Clicking on the See Results button will display the ROC curves and associated metrics for each model trained on each objective. These can be used to assess the performance or quality of the trained models.
NOTE: If any of the models is deemed unsatisfactory, either (1) improve the quality of the provided data or (2) run again the QSAR process with relaxed thresholds.
Clicking on the Test button will allow the user to input an individual SMILES or a file of SMILES to be evaluated by model.
Step 3: Create the generator
Step 3: Finally, to generate molecules guided by the QSAR model, go to the "Generators" tab of the project page and click on the New Generator box. Name the generator as “Lead_optimization_generator”, and under "Generation Engine" select Fine Tuning and click on Next.
On the following page specify the various options to set up this generator.
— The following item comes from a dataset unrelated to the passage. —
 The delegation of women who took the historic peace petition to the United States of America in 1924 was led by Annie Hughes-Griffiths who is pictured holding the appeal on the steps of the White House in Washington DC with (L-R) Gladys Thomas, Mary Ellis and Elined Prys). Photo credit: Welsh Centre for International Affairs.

- Chemical Space: Check the box next to Data_pi3k_mtor dataset. This is the dataset that was created and uploaded in Step 2 and will be used to guide this generation as the chemical space.
-
Products: In the "Substructures" tab, click the Add button on "Molecules must match at least one of these substructures (matching set)" enter the following SMARTS string and click Save:
[#6]-[#6]-c1ncnc(c1C#Cc1ccc(-[#7])nc1)-*:1:*:*:*(:*:*:1)-[#6](-[#7])=O
- QSAR: Check the box next to Lead_optimization_predictor. This should check boxes for all the individual predictor models on the objectives we trained on in step 3.
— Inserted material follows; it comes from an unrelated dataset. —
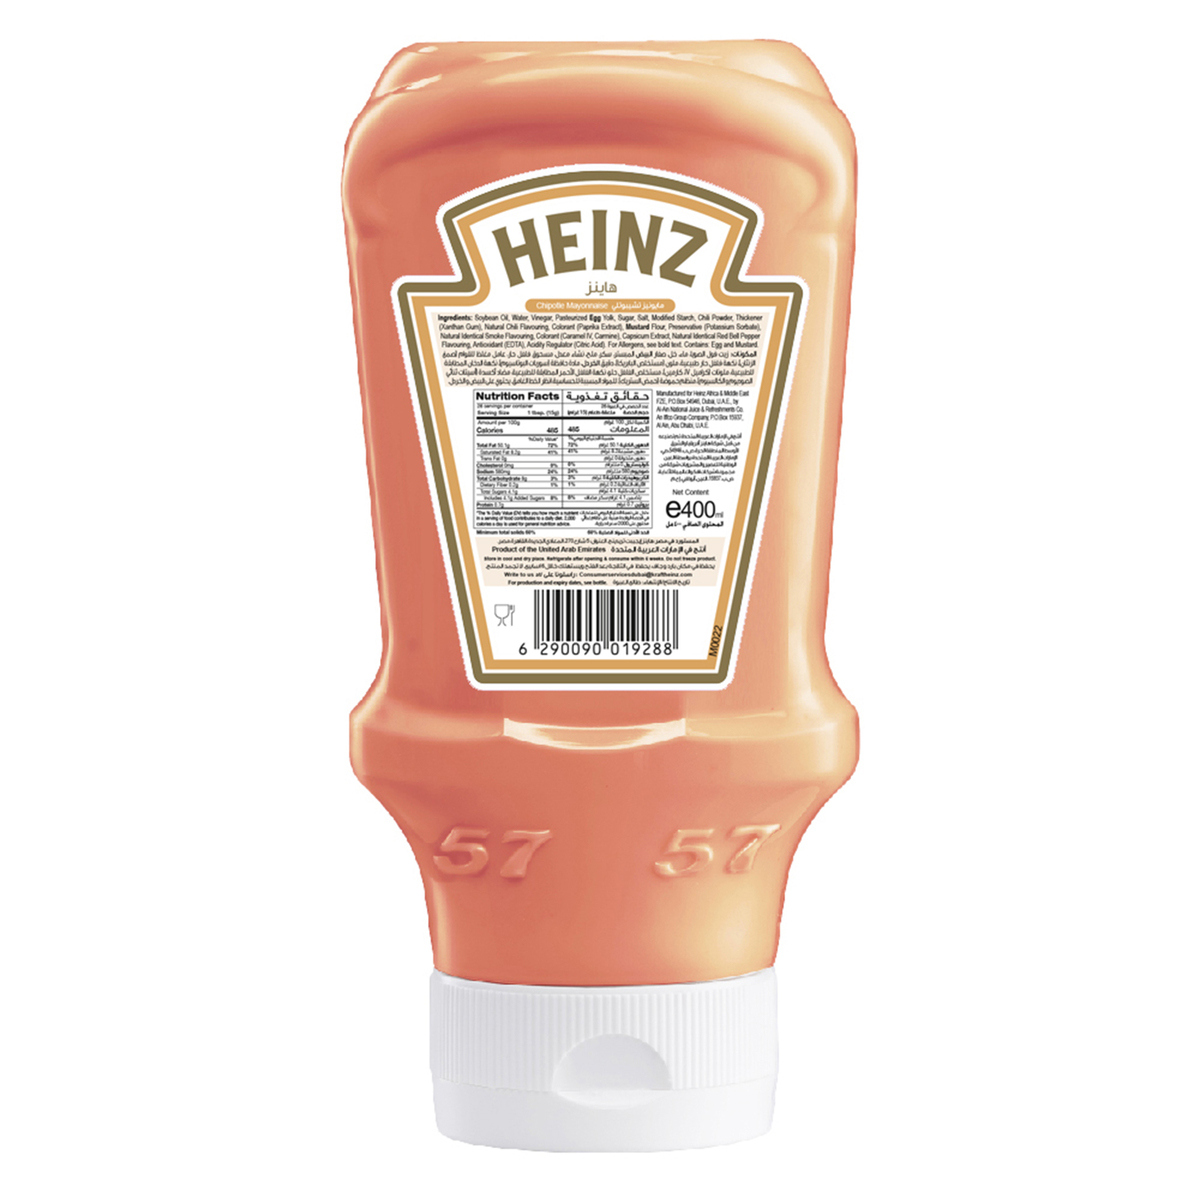 Heinz Chipotle Mayonnaise Top Down Squeezy Bottle 400 ml

Go back to the "Generators" tab, and the newly set up generator will show up. Click on the Run button for this generator. The progress bar will indicate the status of generation.
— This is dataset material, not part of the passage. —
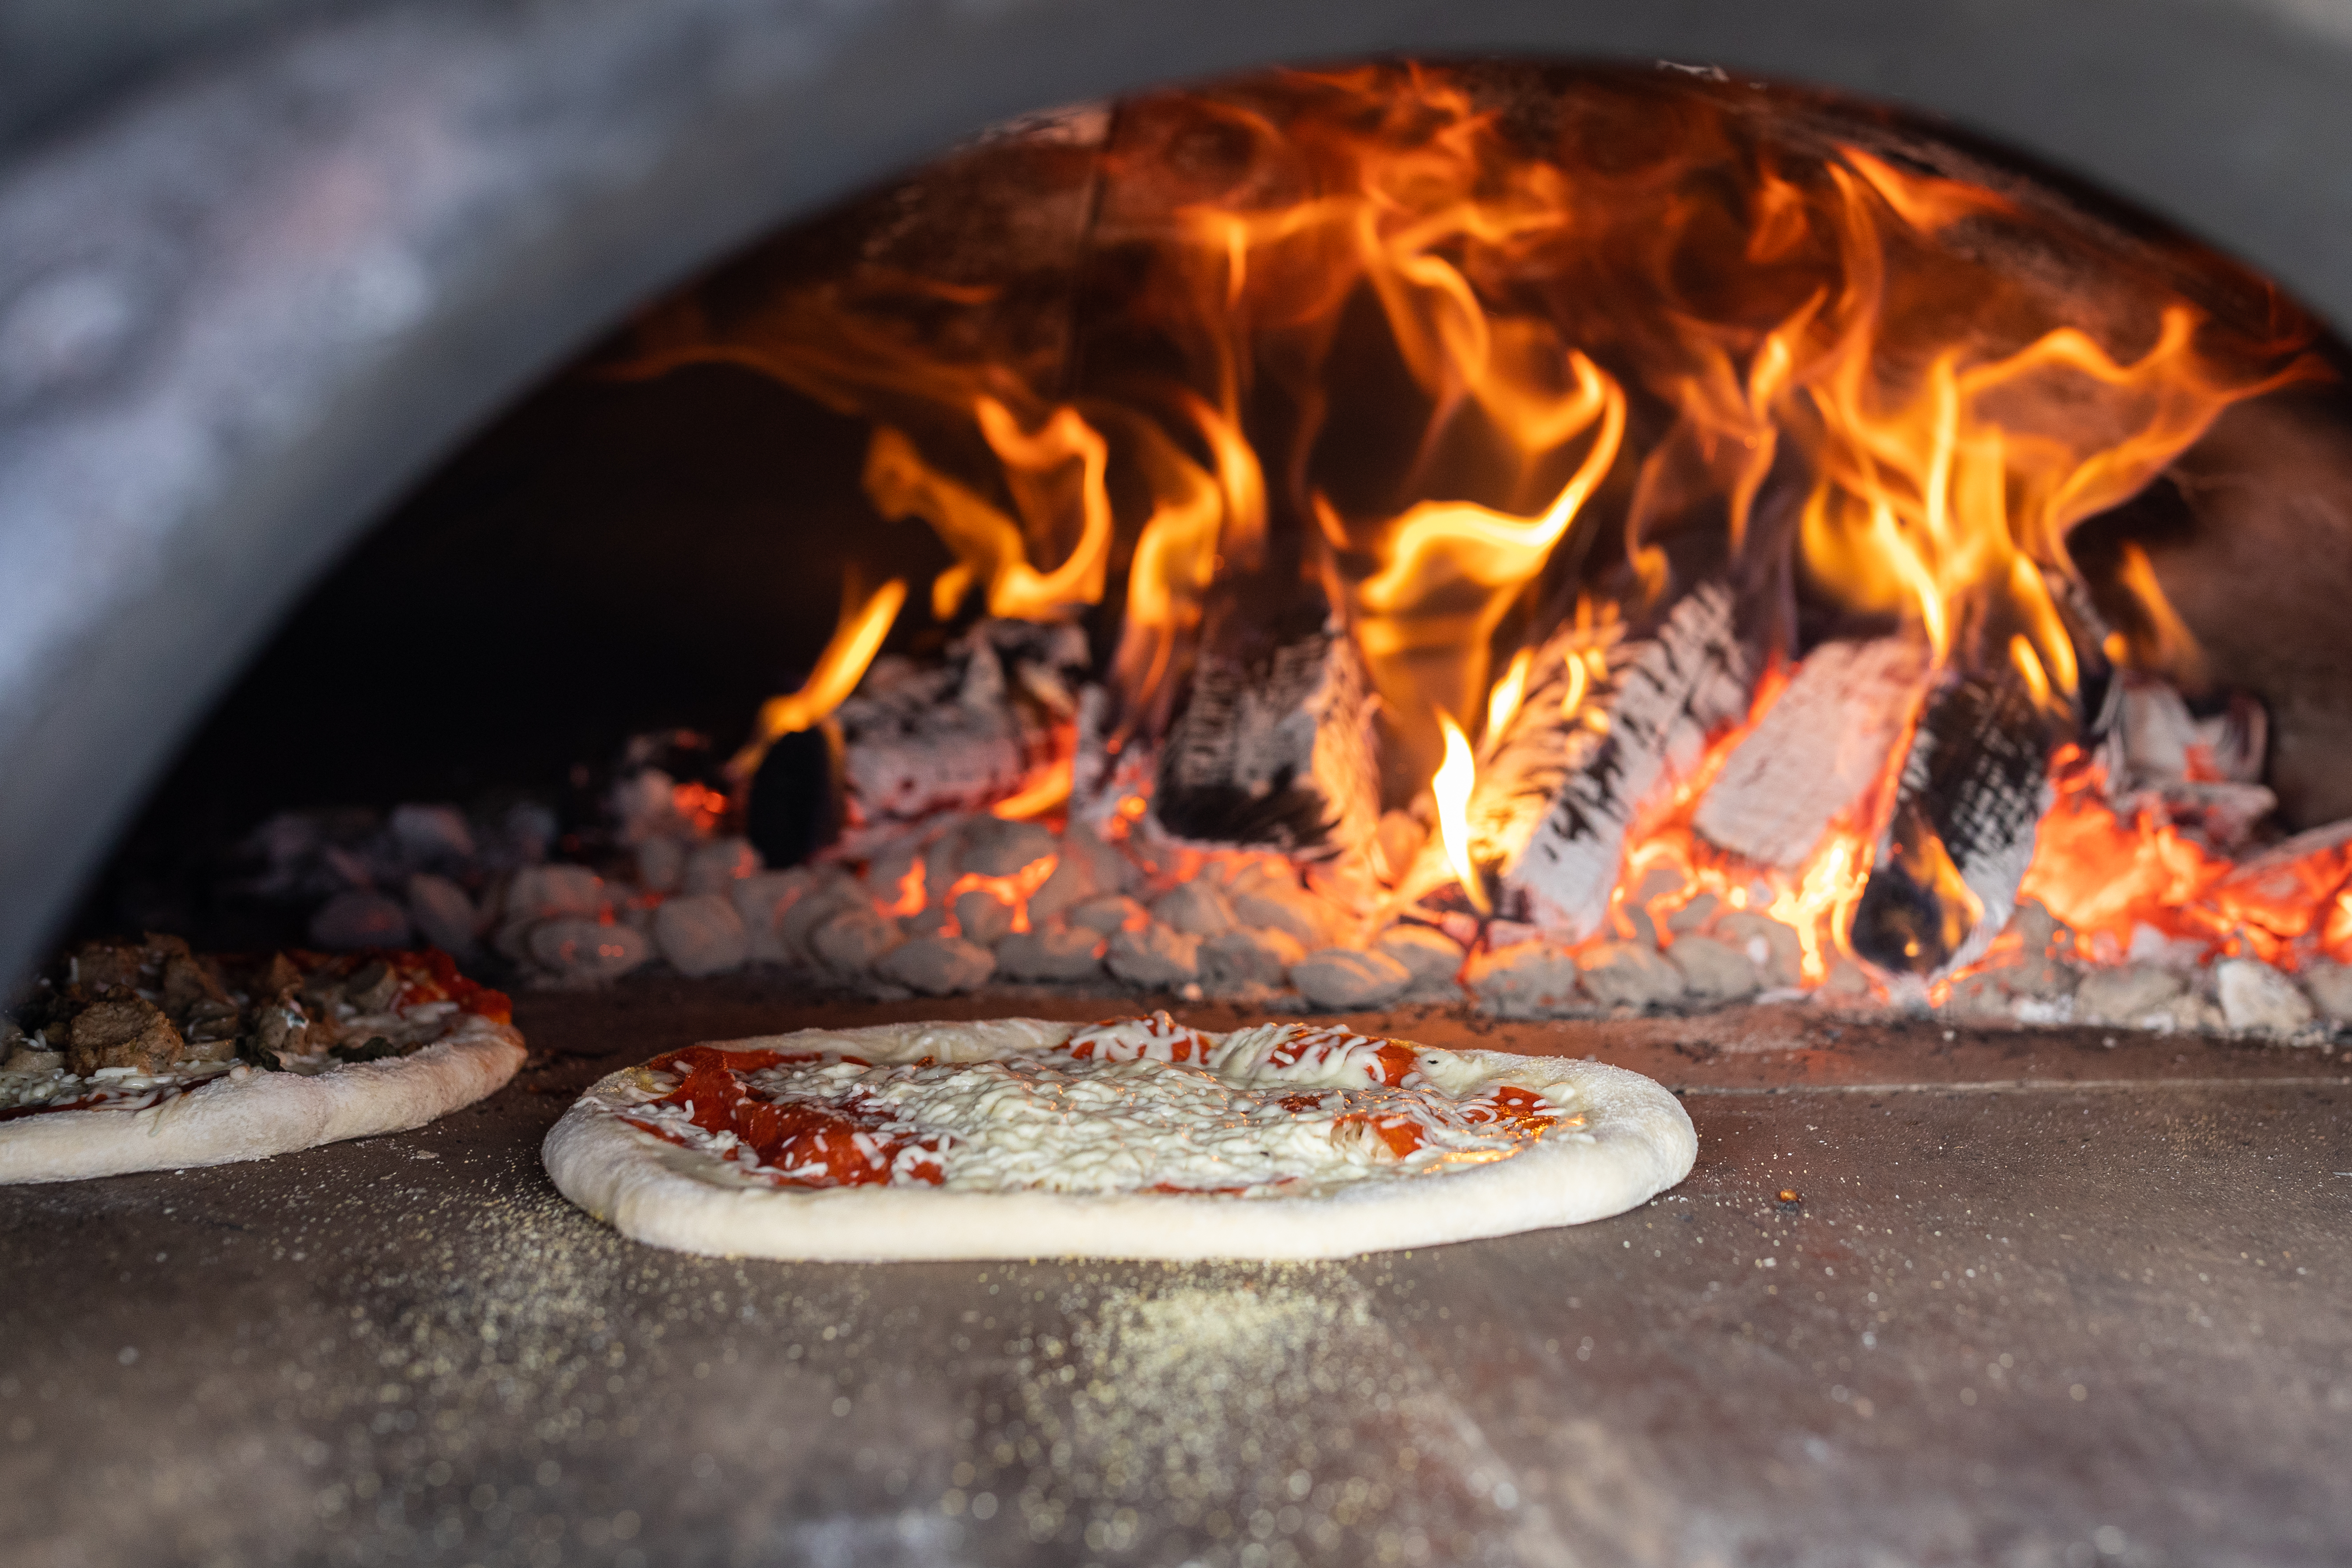 Two pizzas cook inside an outdoor pizza oven retired Middleton Police Chief Jim DiGianvittorio got from Italy.

Step 4: Explore the generated molecules
Step 4: While the generation is still running, visualize the generated molecules that match the specified blueprint by clicking on the eye icon under IN BLUEPRINT. On the page that appears, go to the Parallel Coordinates panel and adjust the Confidence metric to >0.7 by holding down the mouse on this metric and dragging it down to 0.7 as shown in the image below.
Sort the generated molecules by Iktos Ranking. On the first molecule of the generated molecules grid, click on See Details. In the window that pops up, compare the generated molecule with the molecule most similar to it from the chemical space, and notice the subtle differences between the two (see example images below). Also note the predicted values for all the objectives for the generated molecule in this window. Such analysis can be done for all the molecules that are generated.